Fransız mimar Maurice Padovani, Marsilya'daki Le Prado konutu için ilginç bir son tasarım yarattı. Kır evi, bugünkü görünümünü elde edene kadar birçok kez yeniden inşa edildi. Renk olarak evin tüm odaları beyaz ve kahverengi tonlarında tasarlanmış. Genellikle zıt renklerde yapılan duvar resimleri bile aynı aralıkta tasarlanmaktadır.
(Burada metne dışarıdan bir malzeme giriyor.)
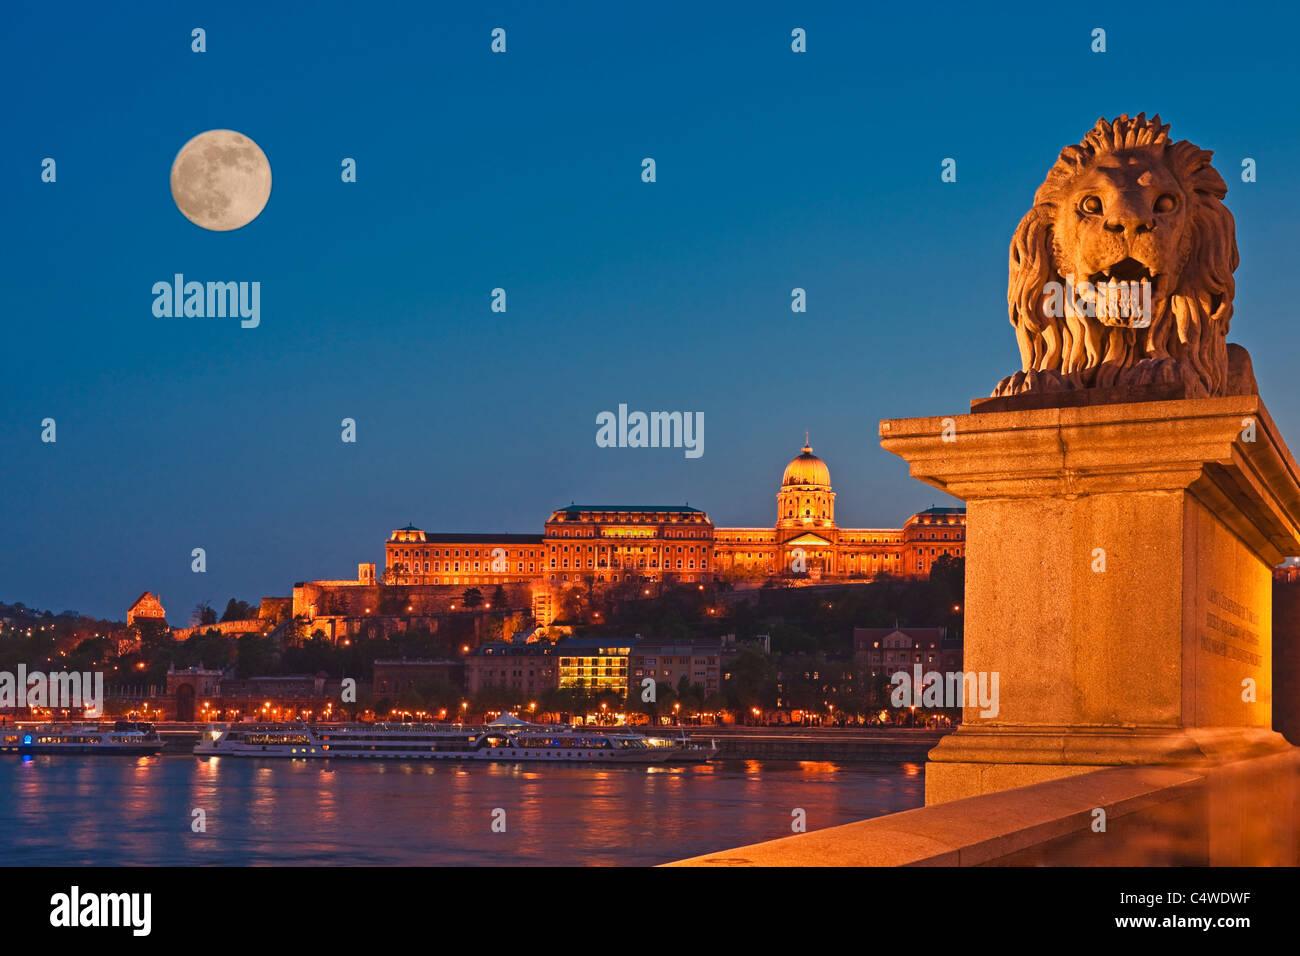 Buda Castle, Budapest, Hungary, Europe - Stock Image

Büyük pencerelerden gelen bol güneş ışığı ve geniş bir terasa bakan cam duvar ile birlikte bu renk kombinasyonu, evi aydınlık ve neşeli kılıyor. Japonca karakterlere sahip asma yapılar, amaçları açık olmasına rağmen biraz yabancı görünüyor - birinci ve ikinci katların binalarını stilistik olarak birleştirmek. Ancak katı beyaz kirişlerle kombinasyon, sütunlar organik olarak çalışmadı. Ancak evdeki tüm merdivenler alışılmadık derecede orijinal ve güzel. İkinci kata çıkan asimetrik basamaklara sahip kavisli beyaz bir merdiven, hafif ve uyumlu görünüyor. Tavan arasına çıkan karanlık basamaklı duvar merdiveni, genel tasarım stiline mükemmel uyum sağlar.
Çalışmada özgün tasarımın alçak şöminesine dikkat çekilmiştir. Tüm masa ve sandalyeler sıcak renklerde doğal ahşaptan yapılmıştır, şekilleri sade ama zariftir. Döşemeli mobilyalar, genel algıya müdahale etmeyen farklı nötr gri tonlarındaki tekstillerde döşenmiştir. Birinci kattaki salonda alçak ahşap masalar ve plastik sallanan sandalyeler çok orijinal görünüyor - genç bir ailede iki çocuğun olduğu hemen anlaşılıyor.
Geniş bir teras sabit mobilyalarla donatılmıştır ve çocukların açık hava oyunları için uyarlanmıştır. Dost canlısı mutlu bir aile için harika, güneşli bir daire çok parlak bir izlenim bırakıyor.